TMT driving West End office leasing, while City caution continues – Cushman & Wakefield
Cushman & Wakefield says the TMT sector is driving office leasing activity in London’s West End, accounting for more than a third of take-up in the third quarter of this year. Echoing recent research from CBRE, the firm says take-up in Central London overall was the highest quarterly total of the year to date, and calculates the total for Q3 at 2.2m sq ft, compared with 1.43m sq ft in Q2 and 2.63m a year ago in Q3 2010.
West End take-up for the quarter reached 806,085 sq ft, taking the year-to-date total to 2.3m sq ft. Cushman & Wakefield says leasing in this part of London is down 15% year-on-year as the global economic uncertainty has had an effect on all industries – but the TMT sector is driving the market, accounting not only for a large slice of Q3 take-up but also representing just under half of all active demand. “A number of companies are considering longer-term moves, with lease events remaining the main trigger for potential acquisitions,” the firm says.

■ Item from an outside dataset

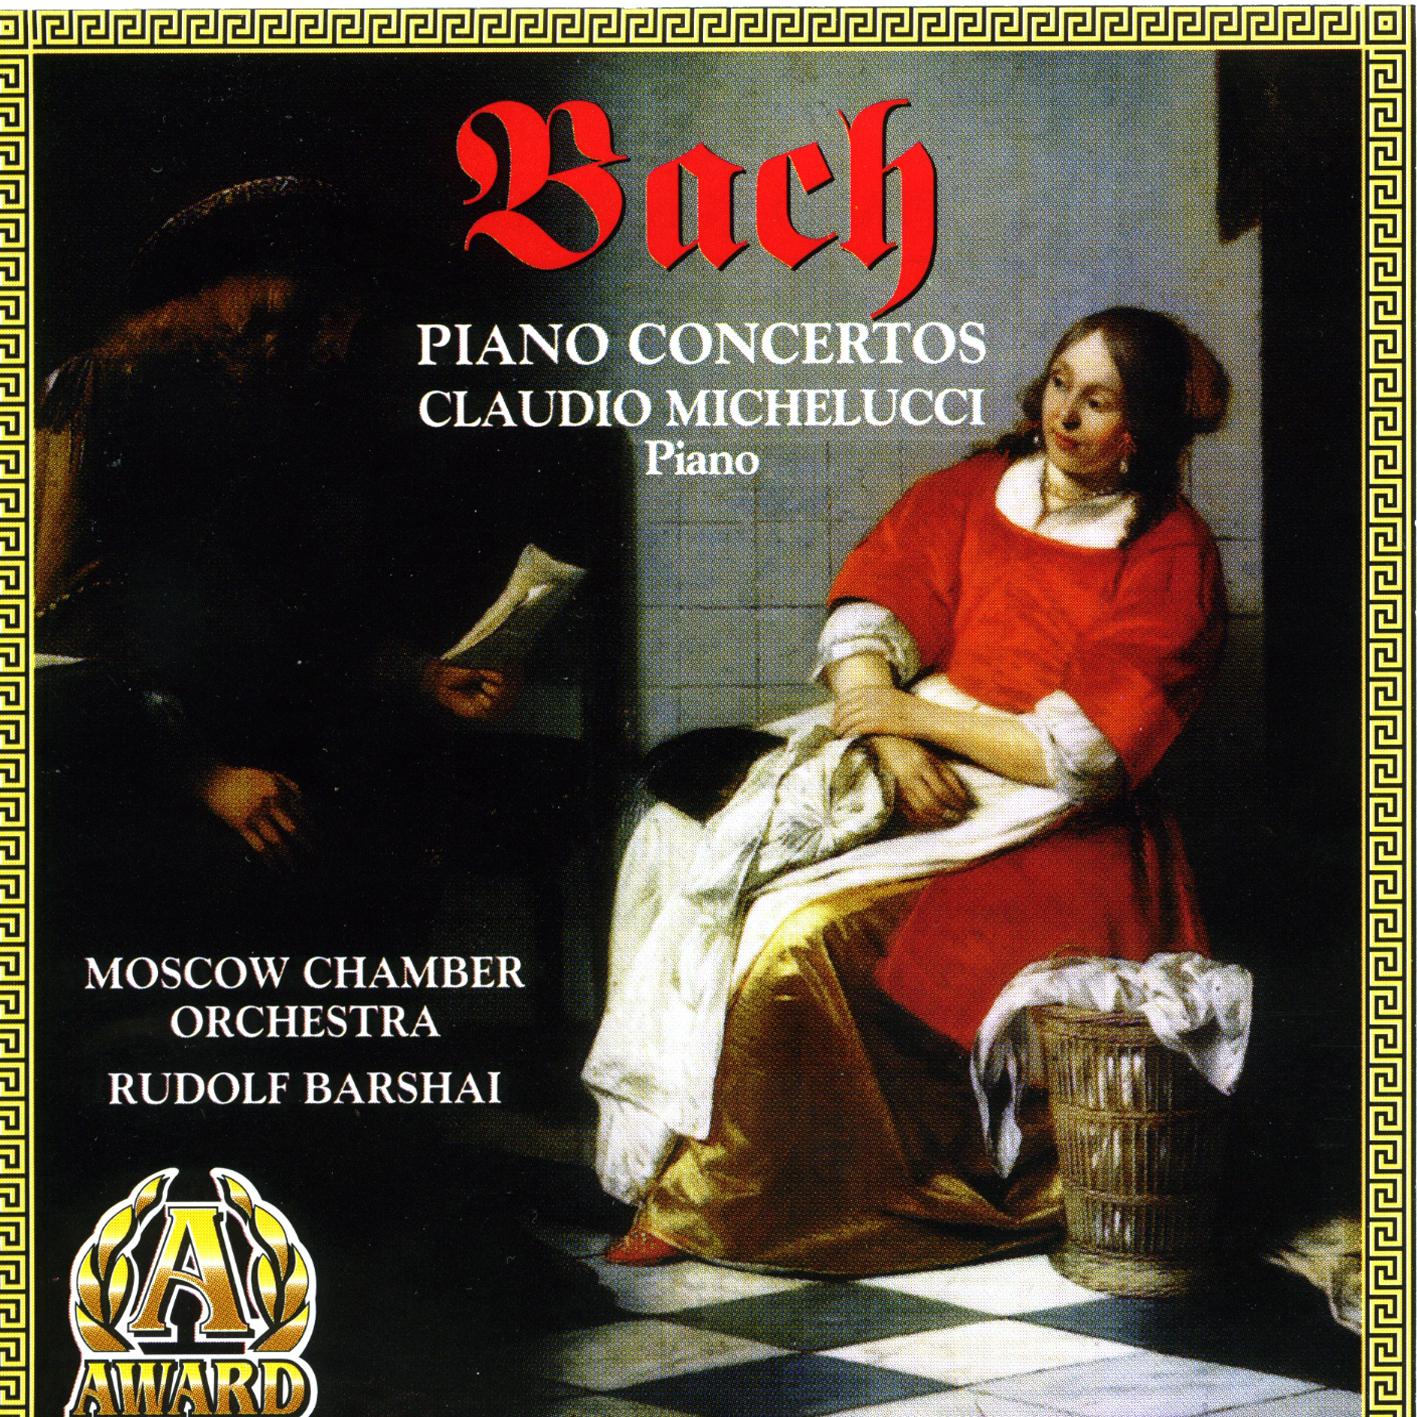 Piano Concerto In Fm BWV 1056: Allegro, Largo, Presto

C&W expects annual take-up in the West End to be in line with the five-year average. It says demand in the West End is 4.3m sq ft, up from 3.1m sq ft at the start of 2011, while supply has shrunk by 25% since the beginning of the year, to 4.7m sq ft from 6.2m sq ft. It notes that there is slightly less than 1.8m sq ft of office space currently under construction in the West End, with 425,000 sq ft due for completion in Q4 2011 and more than 1m sq ft in 2012.

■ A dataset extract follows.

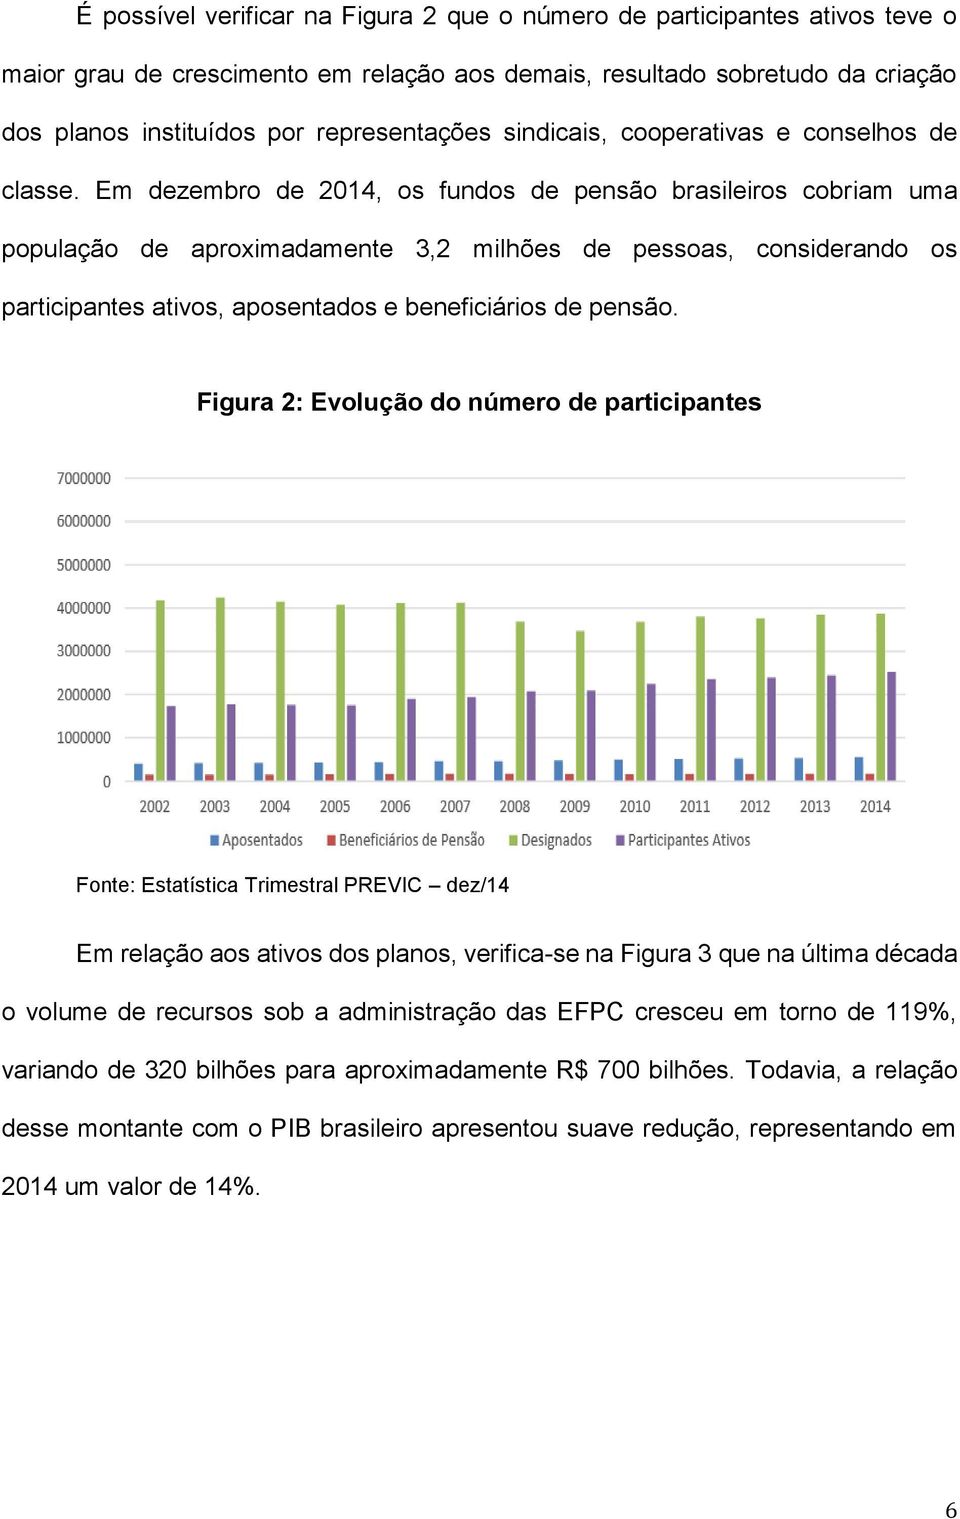 Em dezembro de 2014, os fundos de pensão brasileiros cobriam uma população de aproximadamente 3,2 milhões de pessoas, considerando os participantes ativos, aposentados e beneficiários de pensão.

In the City and Docklands, take-up jumped to 1.4m sq ft in Q3 from 806,085 sq ft in Q2 thanks to two large deals, including the EMA’s 265,887 sq ft pre-let in Canary Wharf and the Trowers & Hamlins lease of 101,000 sq ft at 3 Bunhill Row. However, Cushman & Wakefield cautions that “one strong quarter is not sufficient to call a recovery in the market” and says the underlying trend remains one of more constrained activity. Take-up so far this year has been subdued at 2.8m sq ft, which is down about 45% year-on-year, it notes, and annual take-up is forecast at below 4m sq ft – the lowest since 2003. C&W notes that two large pre-lets under offer – by AON and CMS Cameron McKenna – could boost the total for 2011.

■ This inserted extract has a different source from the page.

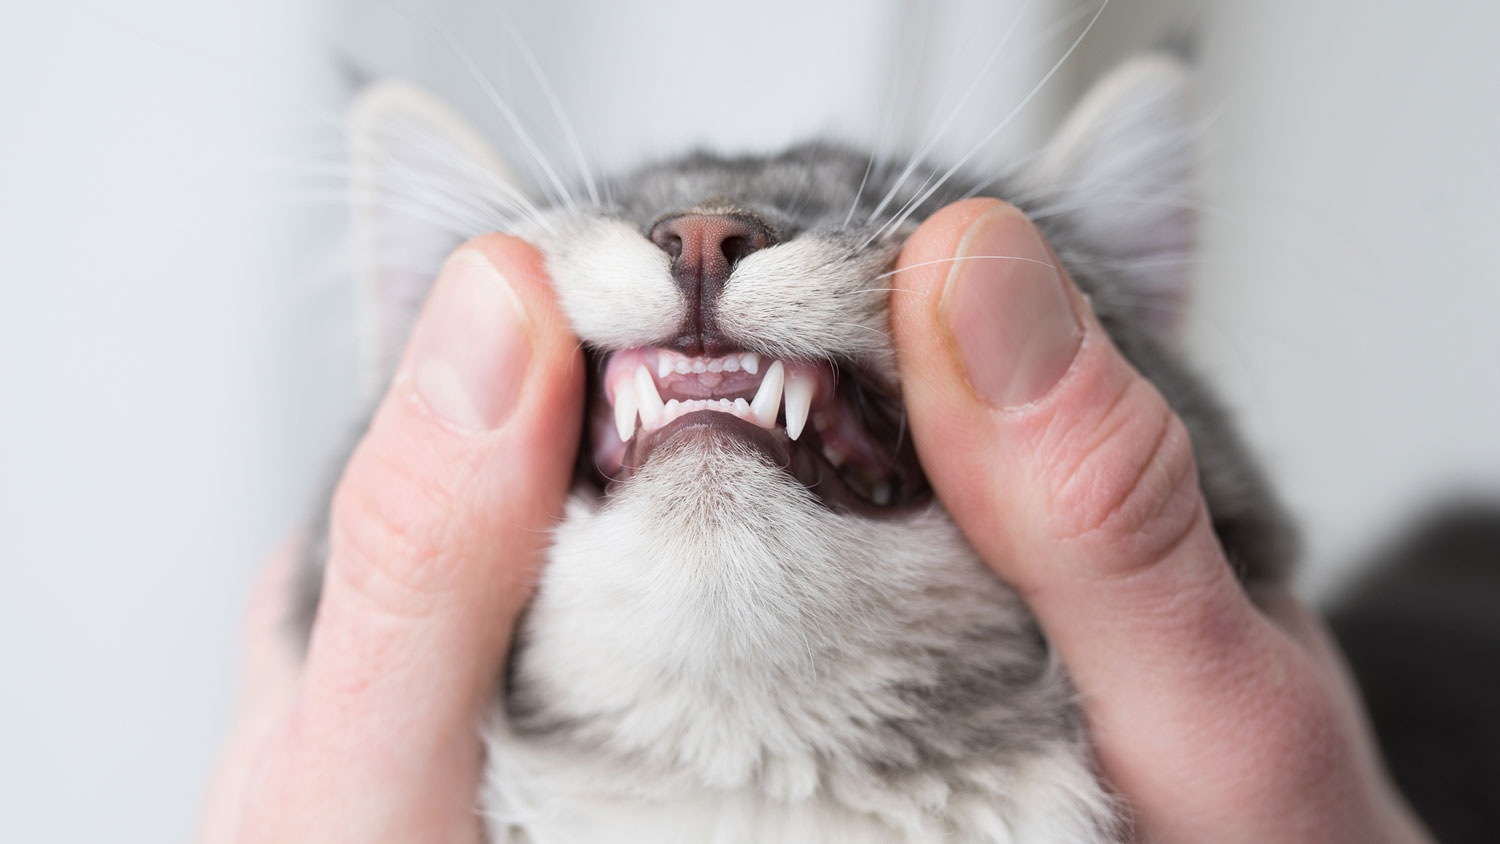 Dientes de gato: un gato al que le examinan los dientes

Active requirements in the City & Docklands market stand at 4.9m sq ft, and many of the larger enquiries are longer-term requirements that may go to pre-lets, given the limited choice on offer. Supply in these parts of Central London stood at 12m sq ft at the end of Q3 while there is just over 4m sq ft currently under construction. The development pipeline is well below the five-year average. More than 1m sq ft of space is due to complete in 2012 – almost half of this will be in the Shard, C&W notes. The firm expects some occupiers to delay decisions further as a result of the current economic uncertainty, and forecasts 2012 take-up will be significantly below average, although prospects further out are more positive, it adds.